### [Required action]
Except for images, print the whole listing verbatim.

### [Material provided]
:::

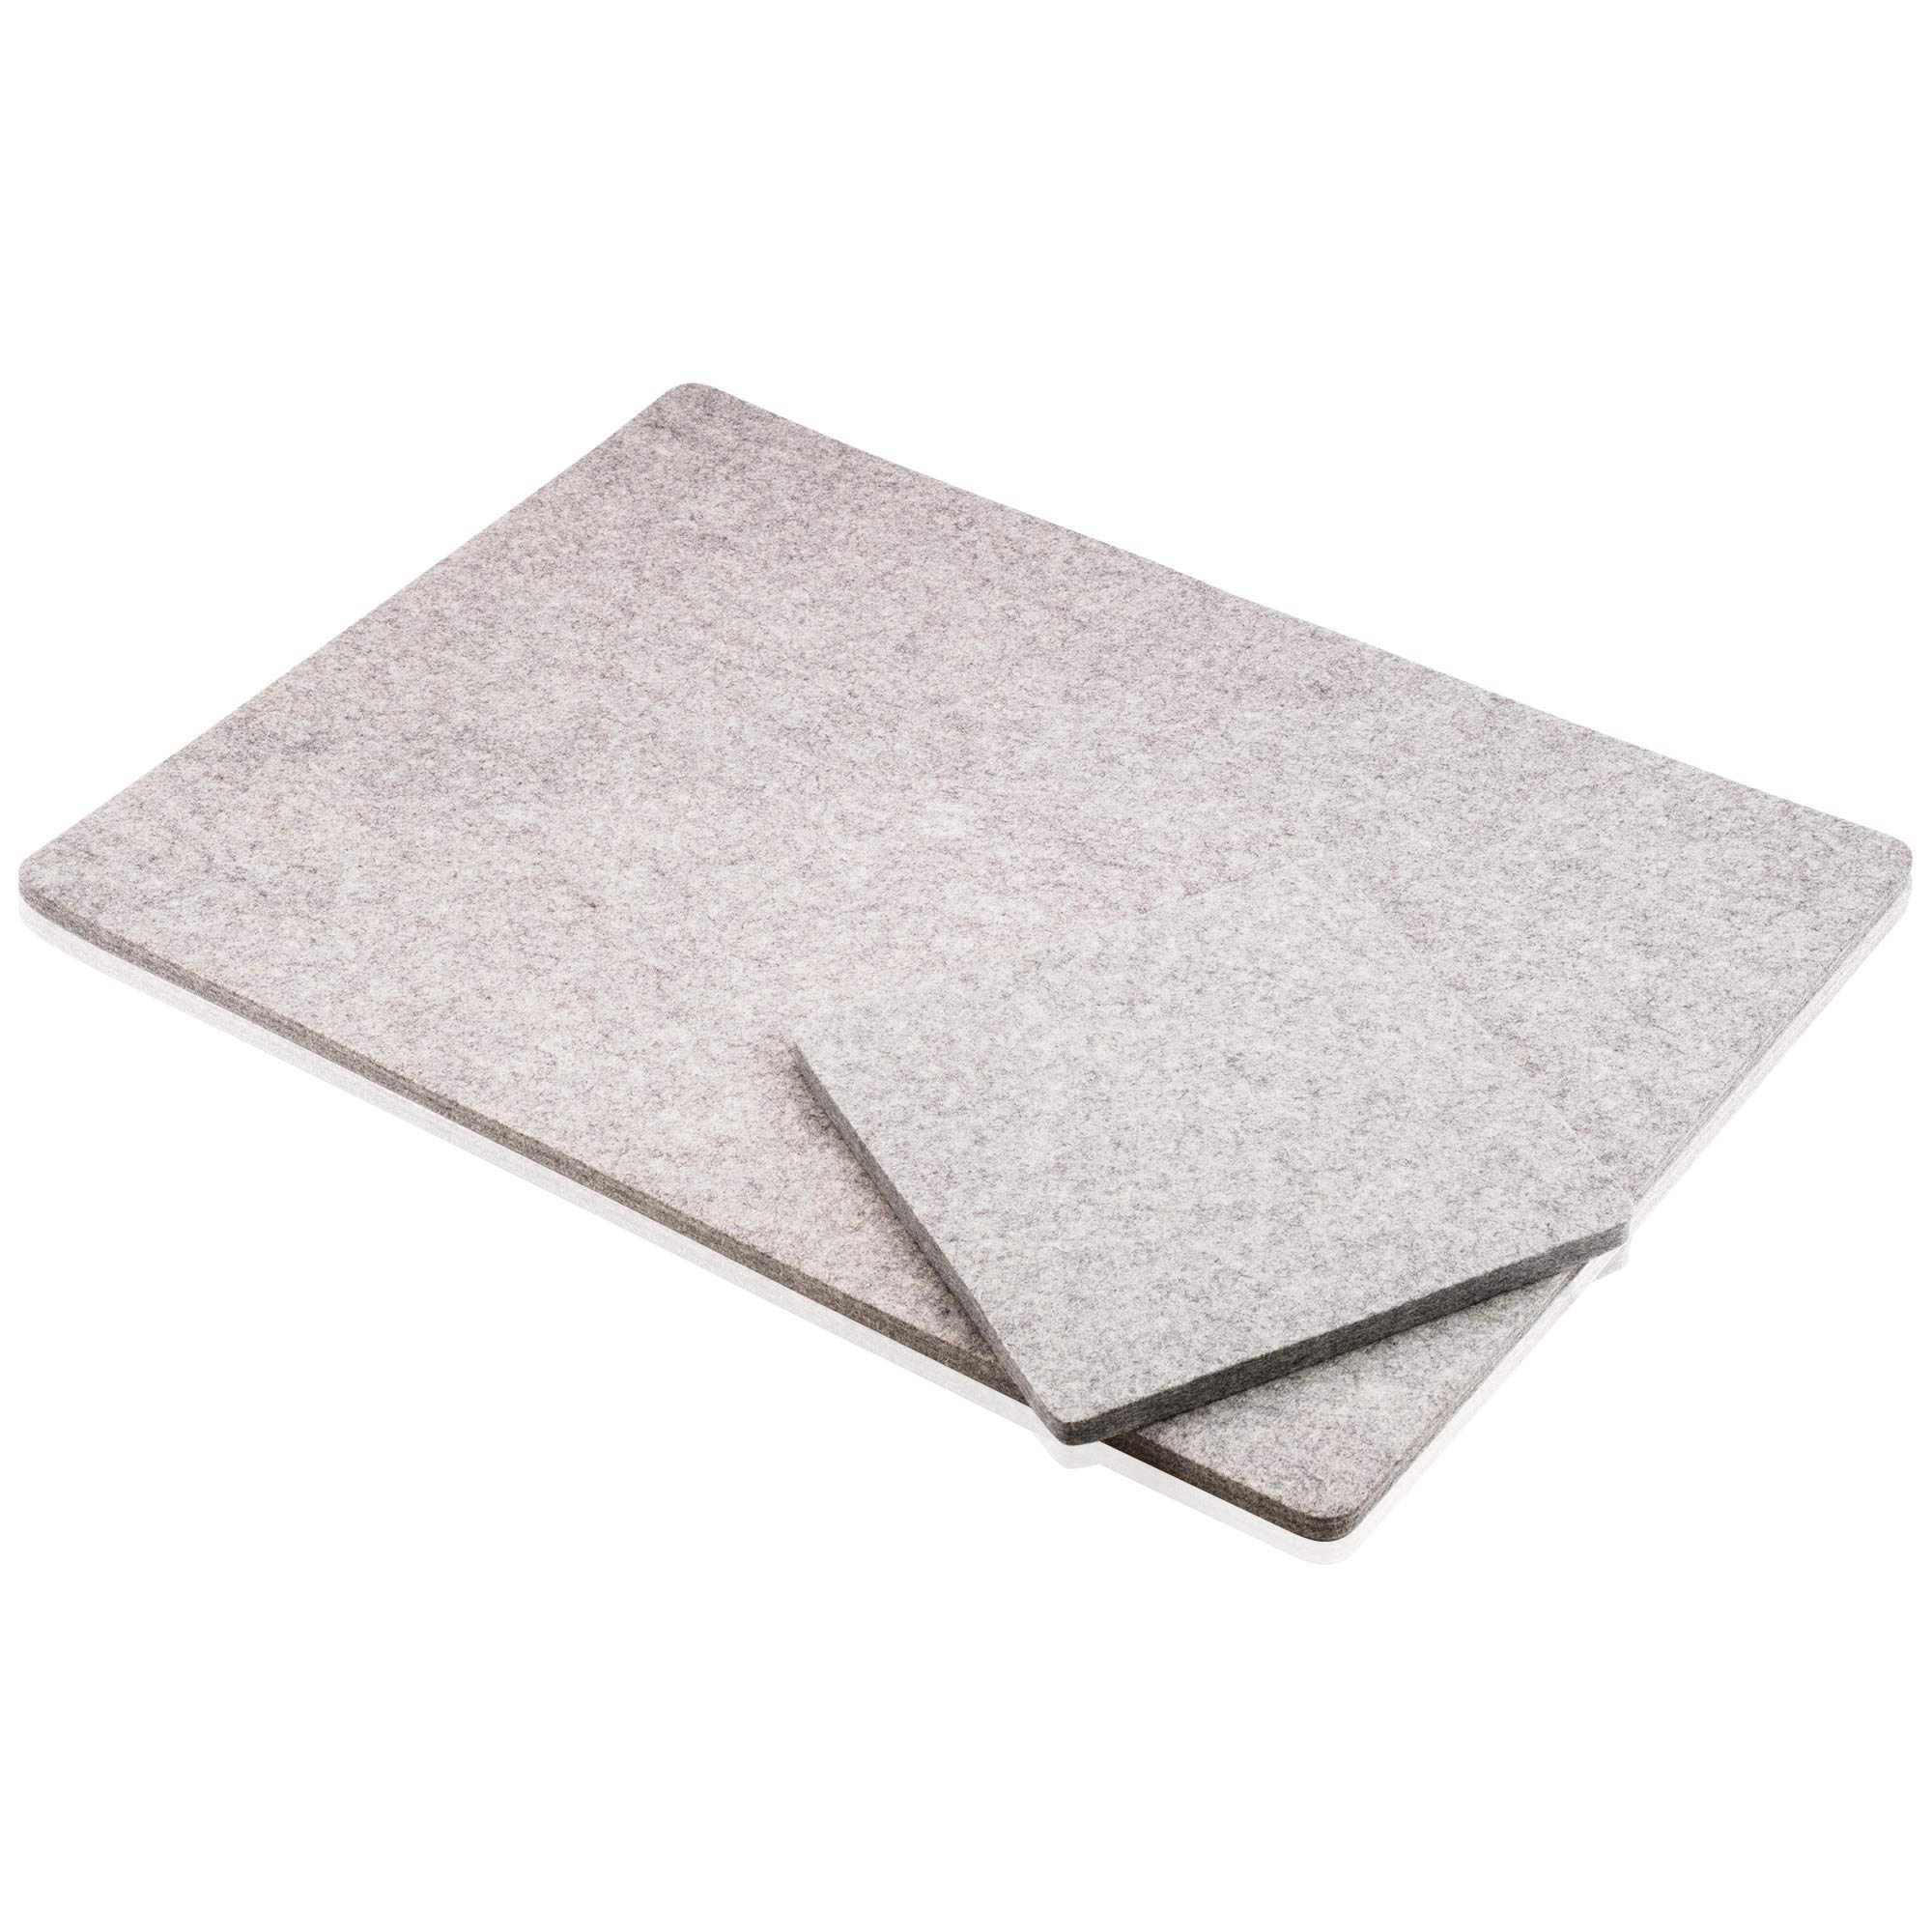 x17 Wool Pressing Mat Quilting
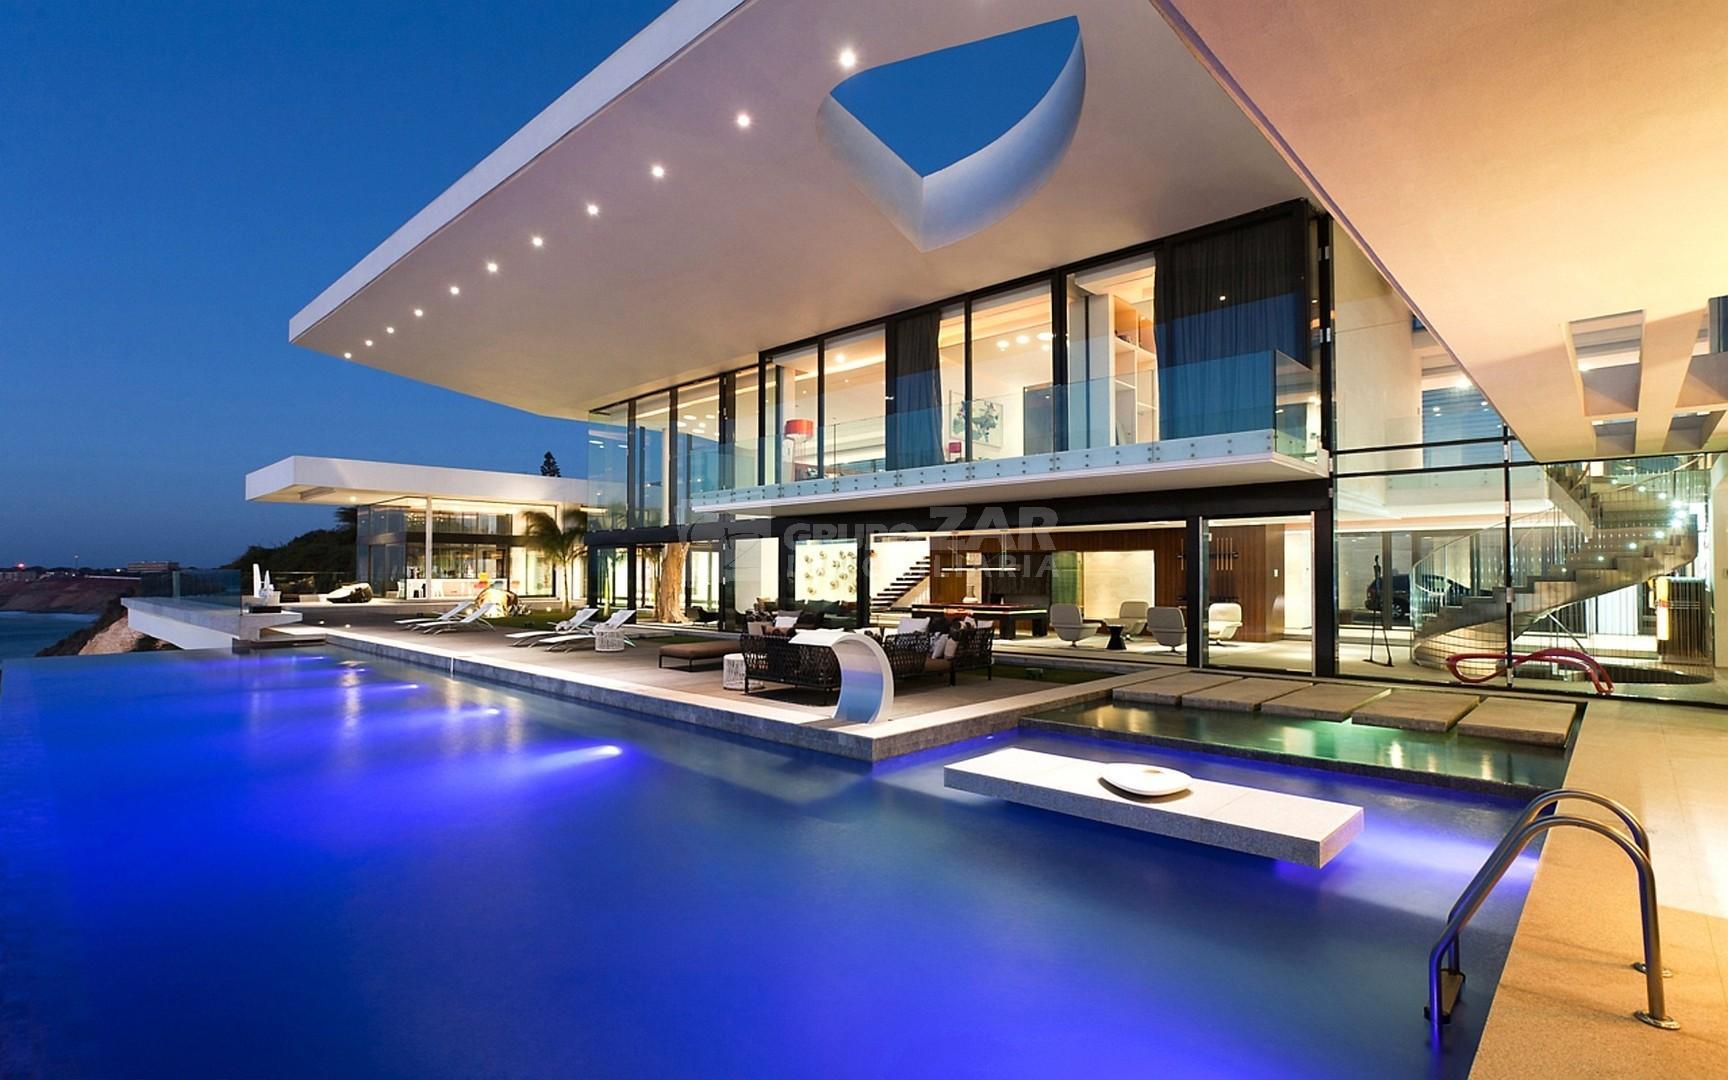 inmobiliaria grupo vivienda:
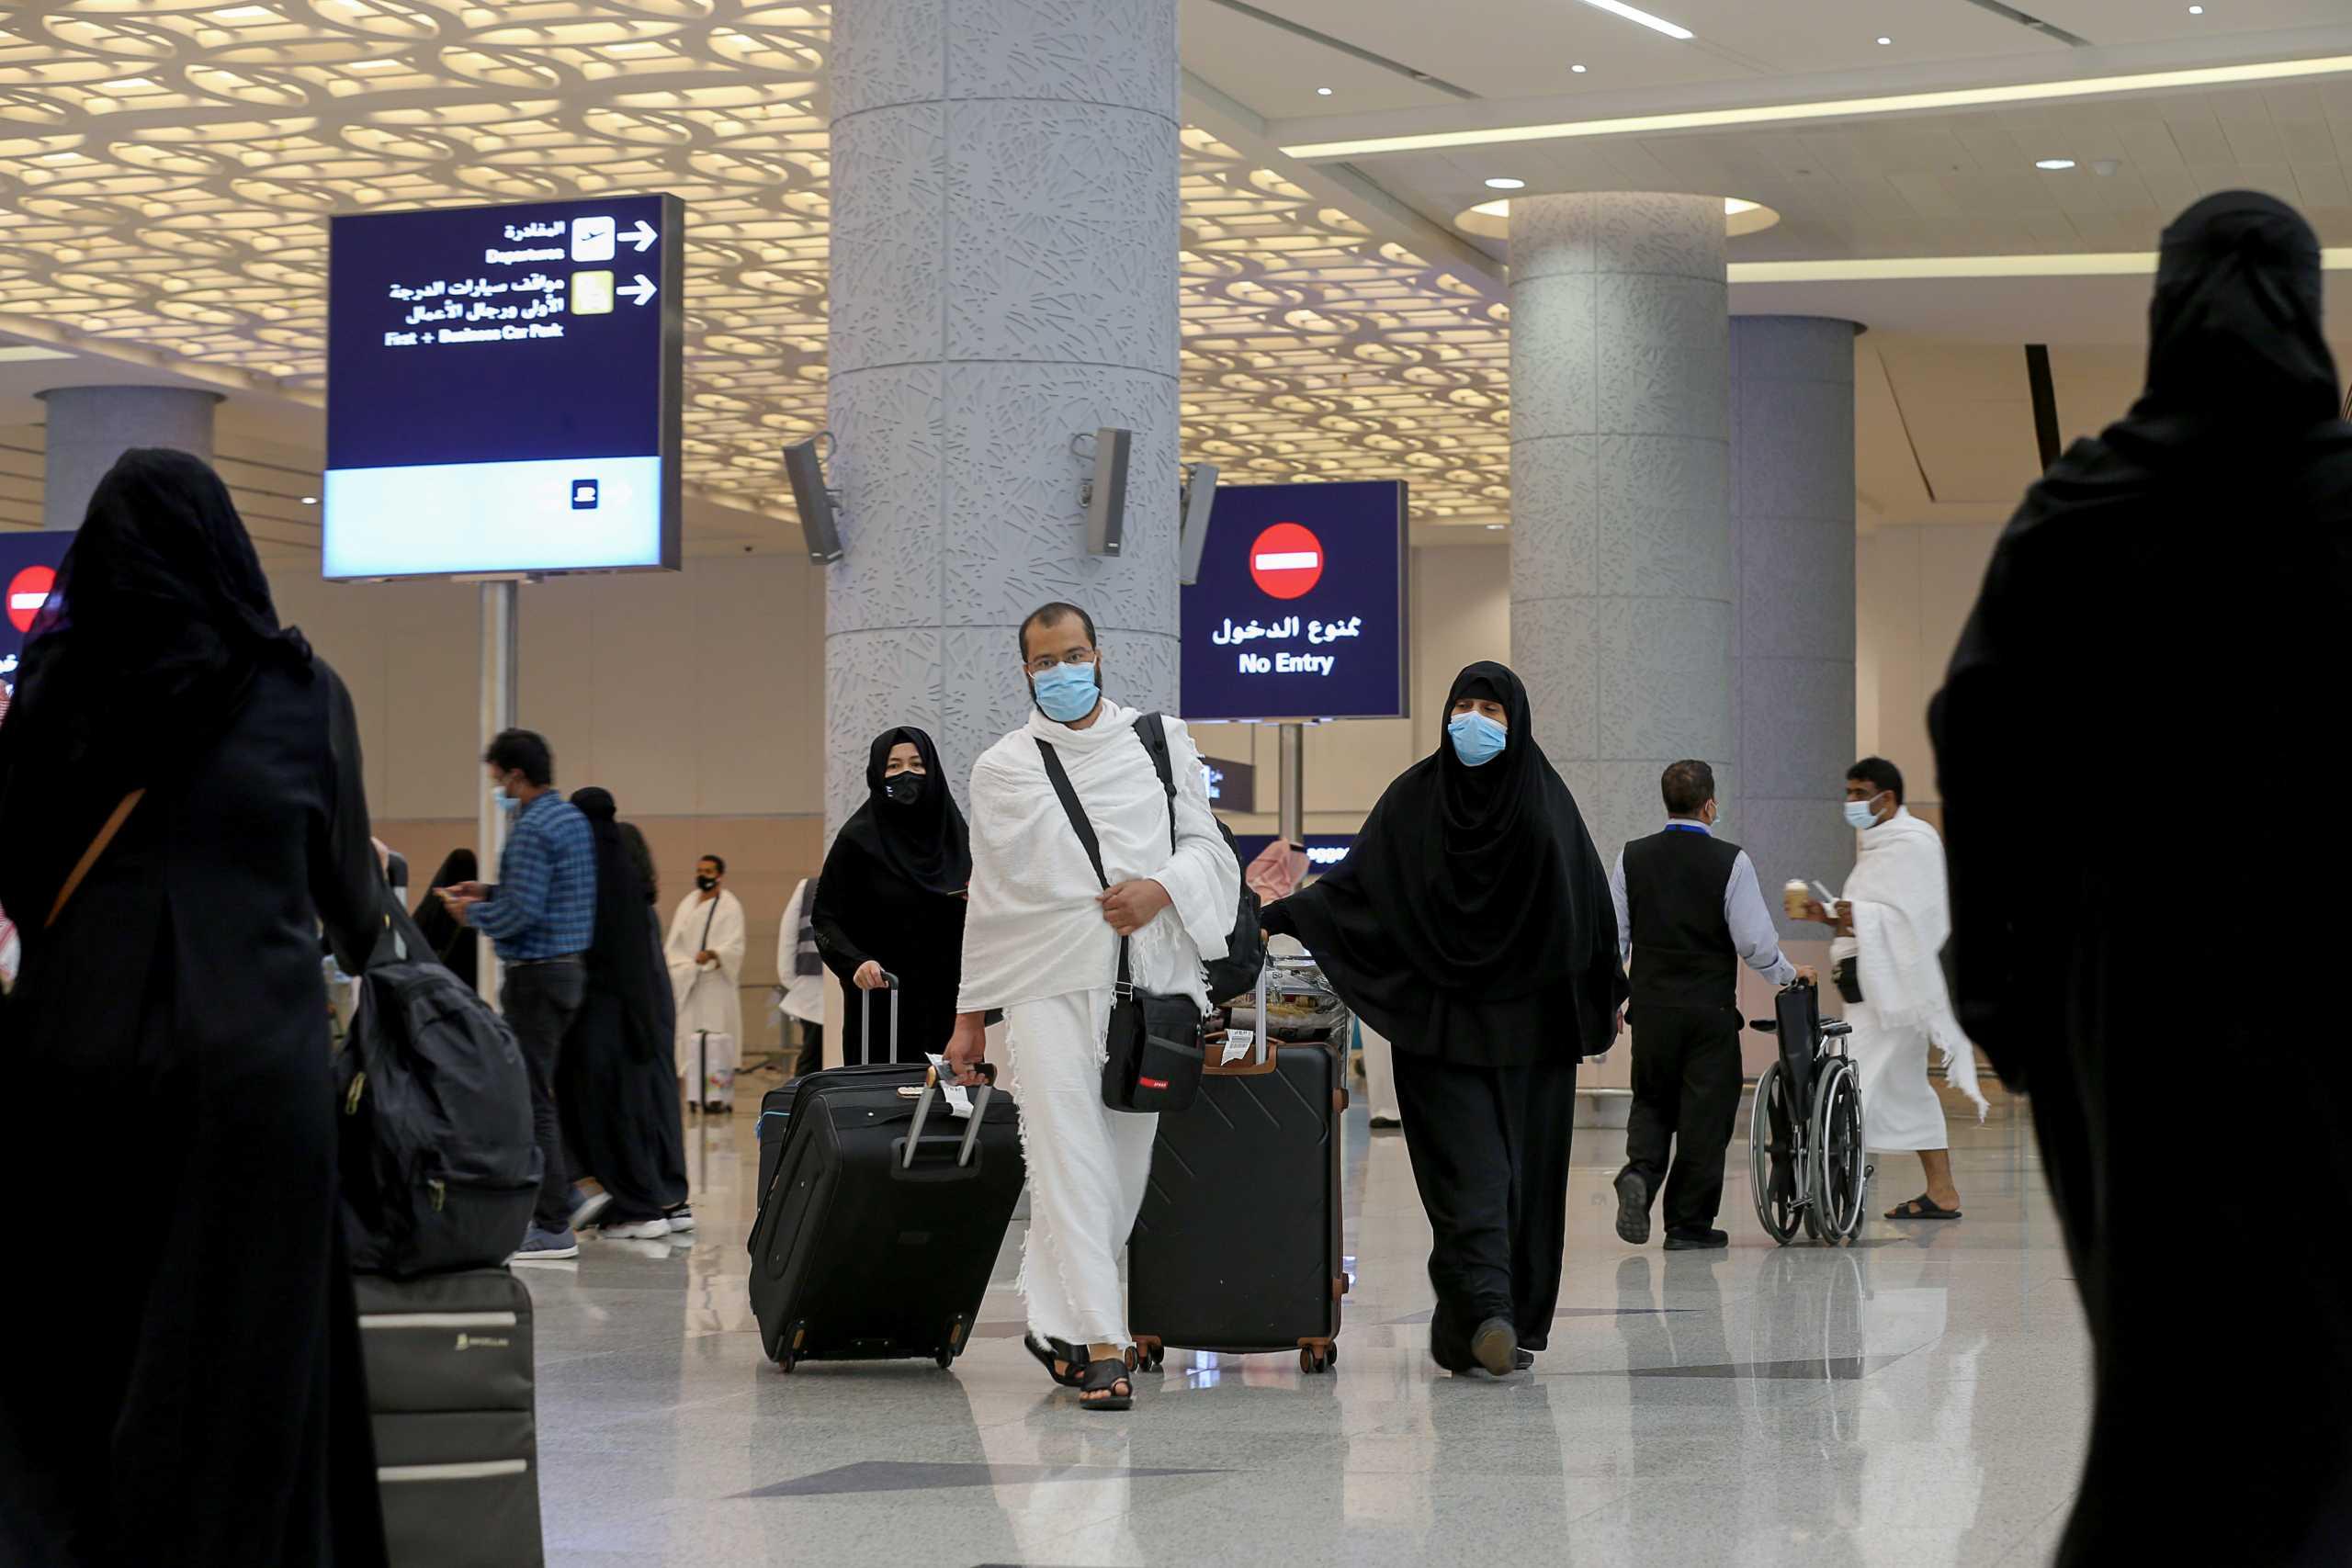 Kουβέιτ: Τέλος τα ταξίδια στο εξωτερικό για τους ανεμβολίαστους

:::

### [Result]
 x17 Wool Pressing Mat Quilting
 inmobiliaria grupo vivienda:
 Kουβέιτ: Τέλος τα ταξίδια στο εξωτερικό για τους ανεμβολίαστους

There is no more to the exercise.